When you think about Martin Luther King speech, I have a dream, right? Literally we are sitting here. We are the manifestation of his dreams because he was able to dream and reimagine a society outside of the parameters of his life, his current being. Right. And so what is it look like to take that speech that we referenced every January, right? What does it look like to take that and apply it to our lives and realize it’s possible.

Patience:
And live it. As, as you were saying that I am reminded not too long ago, I was watching, um, Henry Louis Gates presentation. It’s a, it’s a show, a new one on PBS called the black church. And they were talking obviously about the history of the black church and how it began, obviously from the moment, you know, 400 years, 400 plus years ago from when the first enslaved people landed here. But one part is something that I learned about that speech about Martin Luther King’s I have a dream speech was that it was impromptu on that day that he gave it up on those stairs. Mahalia Jackson reminded him he’s, you know, apparently she said, tell them about the dream Martin, tell them about the dream.

But the background of that is that the origin of that thought was actually Prithia Hall, who was a woman who was praying. Apparently it was an event in Georgia and she was praying and her prayer had the cadence and the repeat repetition, the poetic repetition of I have a dream and then she would name it. I have a dream, this, and then she would name it and I have a dream about this, and then she would name it. But you’re talking about, you know, just imagining something outside of what was actually the life in the moment. And apparently, uh, she drove him away to the airport or something like that. He asked, can I use that? You know, he was inspired by that. That’s where he got that inspiration from Prithia Hall. And then he started making sermons about that and he would preach about them. And Mahalia Jackson had heard about that. And so especially reminded him on that day when they were marching on, on Washington. And that’s where I came from background. Wow. Kudos to Prithia Hall.

Talibah:
Yes, absolutely.

Patience:
So what is your dream going forward? What, what is your dream? What are you dreaming that is beyond you? That is probably going to benefit generations to come. What is it that you hope for?

Talibah:
I have a few dreams happening right now. One, a personal dream for myself is to continue to create a life for myself full of ease.

Patience:
What does that mean?

Talibah:
Um, I feel like, I think a lot of times, and I, there was silence because I wanted to correct myself and then I was like, no, don’t correct yourself. I never give, or I haven’t in the past given myself permission to rest and to live in ease because I associated it with, um, laziness and, um, not being productive. Right. And so for me, a life of ease, um, looks like doing work. That that is life-giving, um, that is done on my own time. That gives space for rest. That gives space for building relationships and community. Um, and that also invites other people to come into the space, to use their gifts.

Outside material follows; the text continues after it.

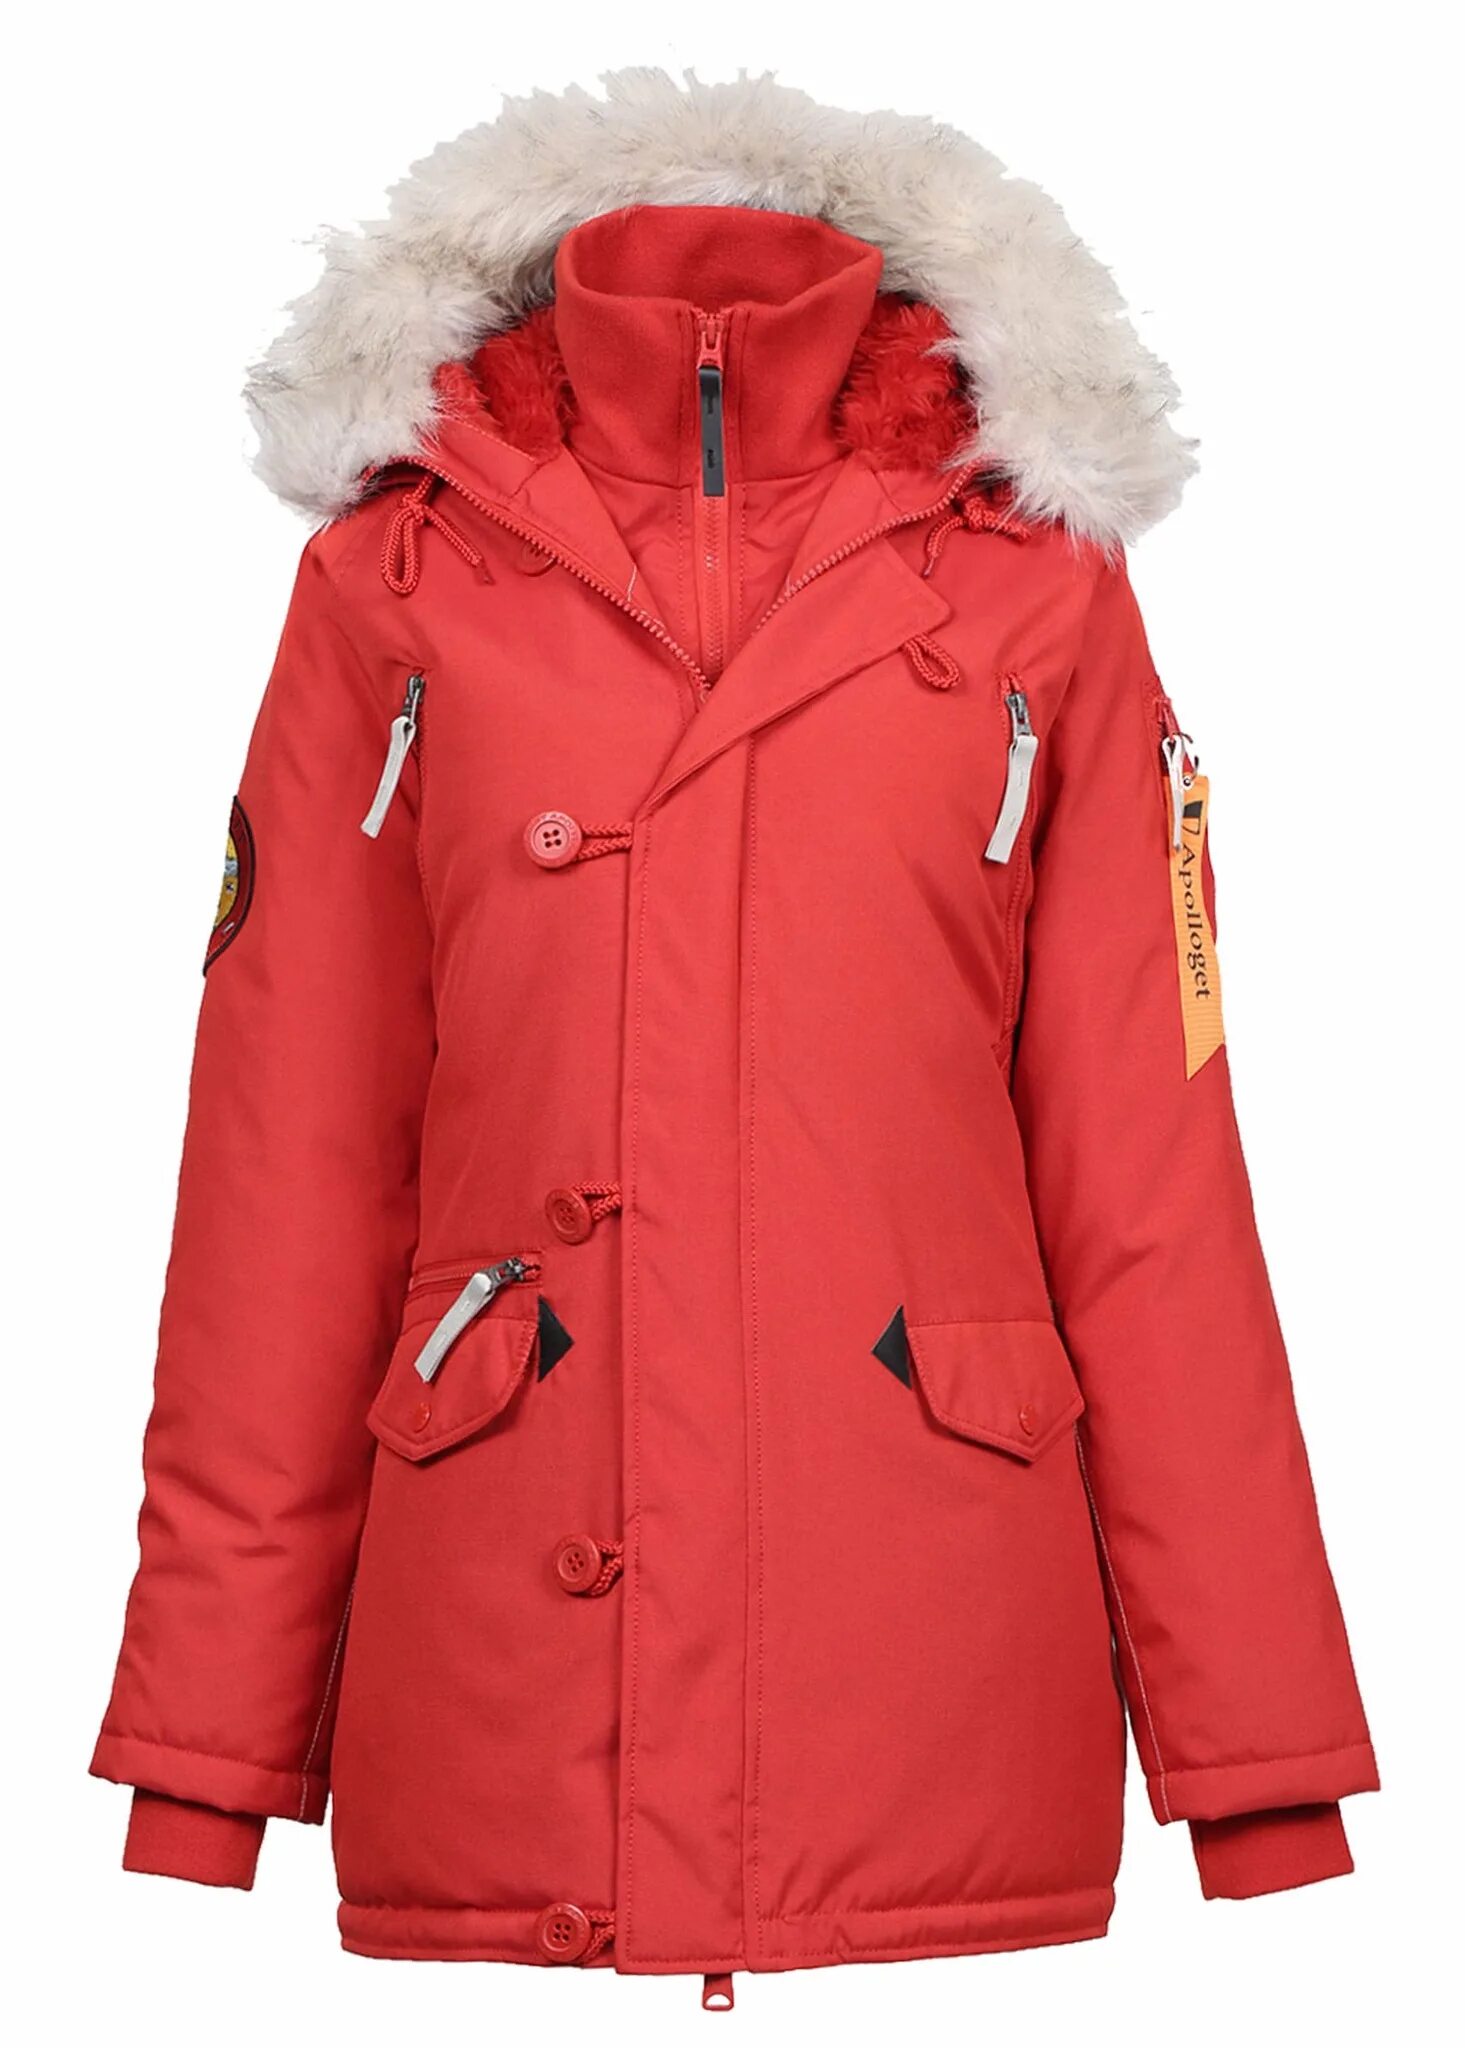 Фирма курток аляска. Куртка Аляска женская. Куртка Аляска женская зимняя. Парка Аляска женская зимняя. Куртка Alyeska женская зимняя.

So I don’t feel overwhelmed. That’s what ease looks like for me. And it’s not, I’ve never been a person that, that is driven by money, but I realized because I’ve had bills and had to survive, I shifted from a person who wants to be led by service to a person who is literally led to, uh, as it relates to survival. And I no longer want to survive. I want to thrive. I don’t want to survive. I want to thrive. And I wish that for every person and speaking as a person, as a black woman, I felt like a lot of my life has been connected to pain, connected in survival connected in so much. And I, and I no longer want that narrative. I no longer want that narrative, so dropping it. Yes. Um, and then I guess that also is attached to my collective dreaming for everyone.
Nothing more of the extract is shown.